I concede that (under the above stipulations) the conclusion “a rational hedonist would never walk to the store” seems counterintuitive, but it does not seem to me any more counterintuitive than some of the implications of a truly impartial total utilitarianism (which largely run through strong longtermism). In the post, Karnofsky convincingly shows that a small benefit to sufficiently many people may justify a small risk of death. In fact, I even think a (different) modified version of the argument convincingly shows the same to be true for a more tolerable amount of suffering.

But, as far as we know, there’s no law written in the fabric of the universe or in the annals of The Philosophical Review stating that an arbitrarily small probability of terrible suffering is morally equivalent to a more certain amount of a lesser evil, or that the torture of one is ethically interchangeable with papercuts for a trillion.

Affirmative argument against proposition (i)

To rephrase that more technically, the moral value of hedonic states may not be well-modeled by the finite real numbers, which many utilitarians seem to implicitly take as inherently or obviously true. In other words, that is, we have no affirmative reason to believe that every conceivable amount of suffering or pleasure is ethically congruent to some real finite number, such as -2 for a papercut or -2B for a week of torture. 

While two states of the world must be ordinally comparable, and thus representable by a utility function, to the best of my knowledge there is no logical or mathematical argument that “units” of utility exist in some meaningful way and thus imply that the ordinal utility function representing total hedonic utilitarianism is just a mathematical rephrasing of cardinal, finite “amounts” of utility.  

Absence of evidence may be evidence of absence in this case, but it certainly isn’t proof. Perhaps hedonic states really are cardinally representable, with each state of the world being placed somewhere on the number line of units of moral value; I wouldn’t be shocked. But if God descends tomorrow to reveal that it is, we would all be learning something new.  

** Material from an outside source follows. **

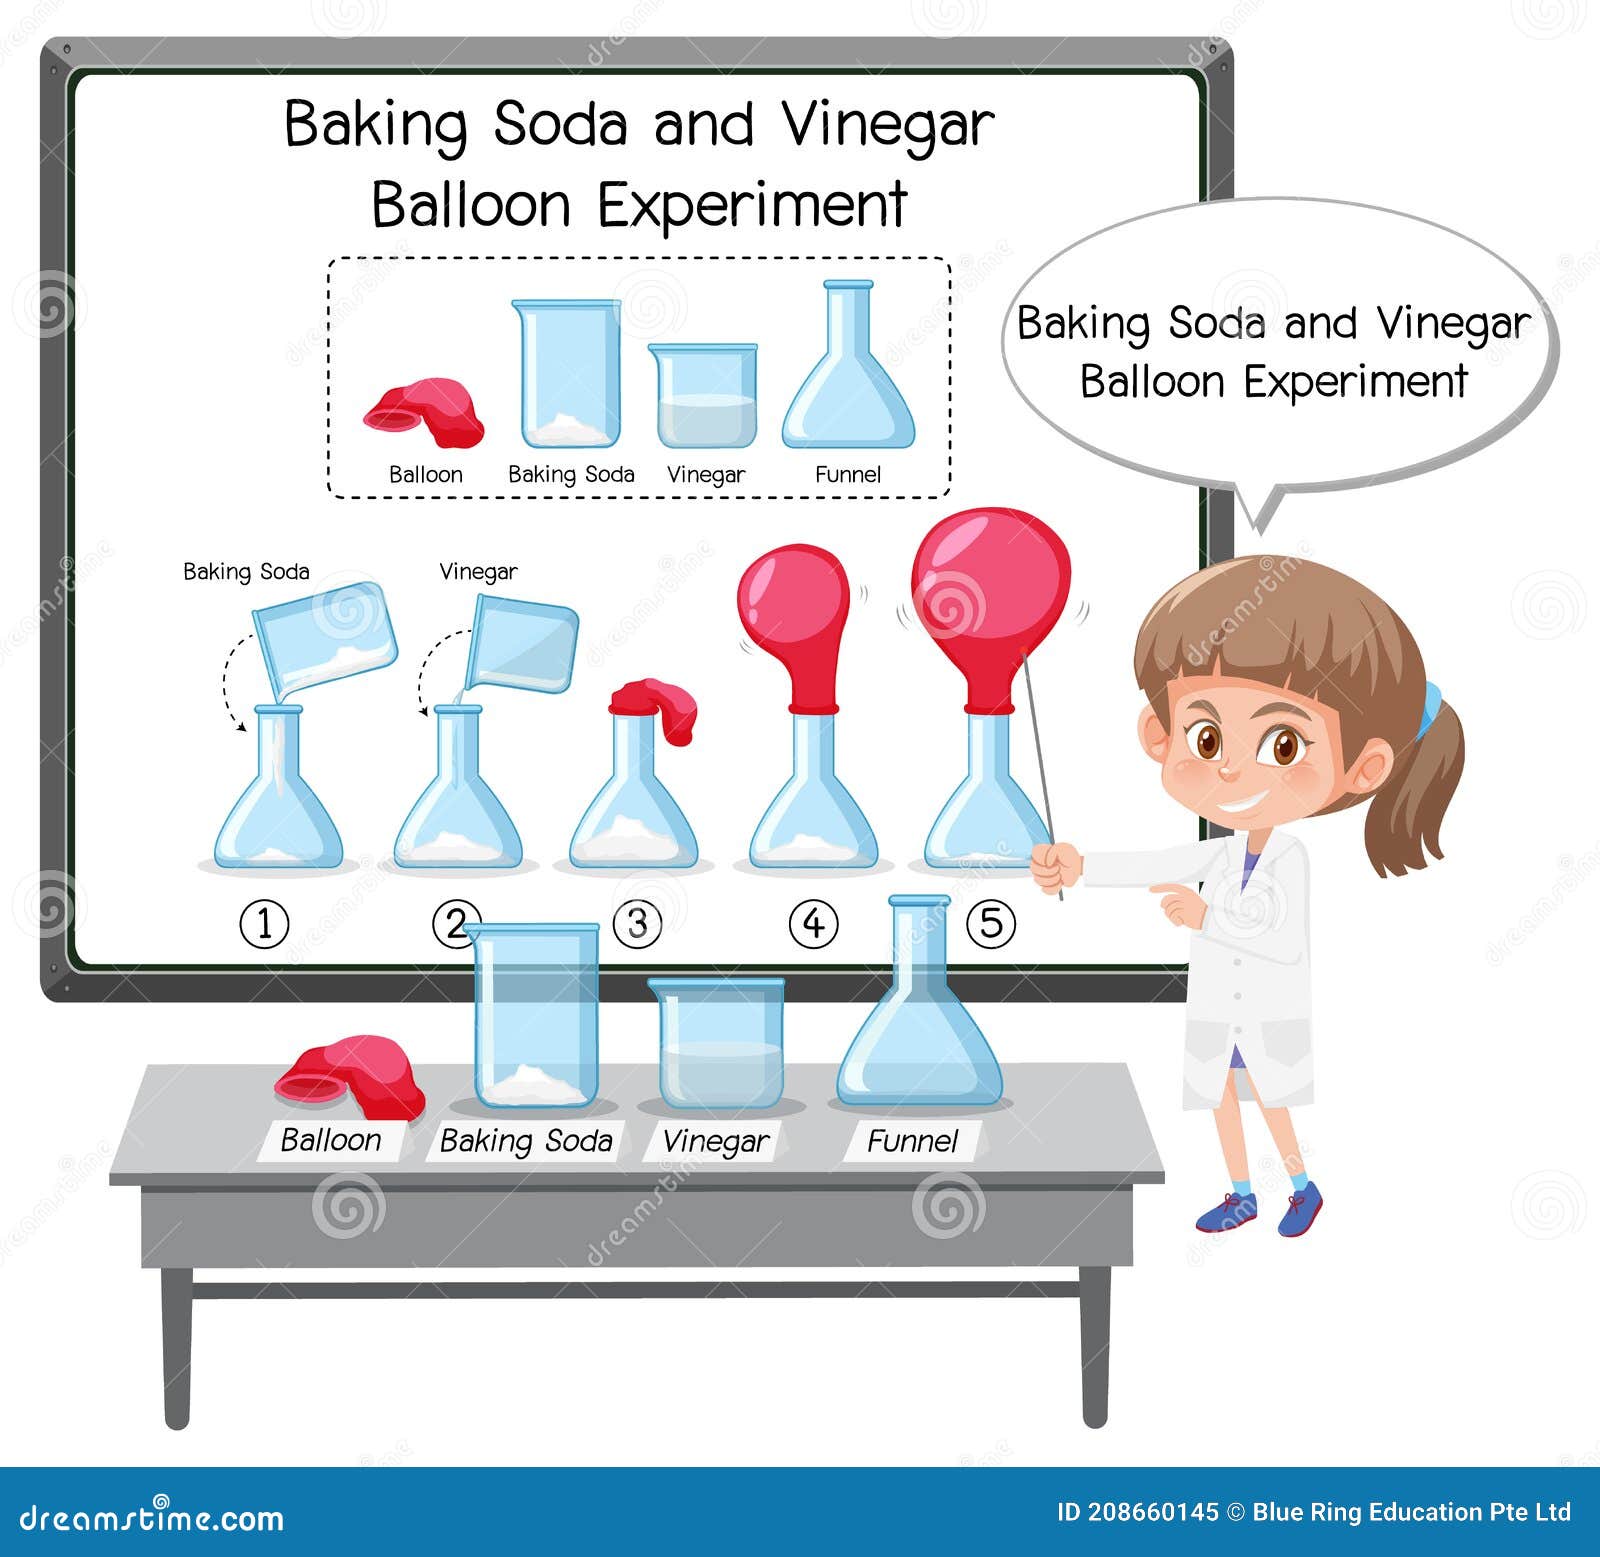 hypothesis of vinegar and baking soda experiment

While far from necessary for my argument, it may be worth noting that an ethical system unconstrained by the grade-school number line may still correspond, rigorously and accurately, to some other mathematical model. 

One such relatively simple example might be a function mapping some amount of suffering (which we can plot on the x-axis of a simple cartesian plane) to an amount of happiness whose moral value is of the same magnitude (on the y axis); that is, the “indifference curve” of a self-interested rational hedonist. Though “default” total utilitarian views seem to imply that such a function’s domain must be the entire set of non-negative real numbers, it is easy enough to construct a function with a vertical asymptote instead.[8]

The place of ethics in our argument

Assigning (some amounts) of suffering greater ethical value does not necessarily make human extinction more preferable. One might believe, for instance, that humanity will alleviate suffering throughout the rest of the universe, should it continue to survive.[9]

However, enabling such “cosmic rescue missions” hardly seem the motivation for or reasoning behind longtermism-motivated extinction reduction projects.  We should be skeptical, indeed, that spreading humanity or post-humanity throughout the universe would lead to a reduction in the amount of “unjustifiable” (in the sense I’ve been describing) suffering. 

If this is so, it could render actions to reduce the risk of human extinction per se morally indefensible. And if humans’ continued existence really can be expected to alleviate such large amounts of suffering, this should be affirmatively made.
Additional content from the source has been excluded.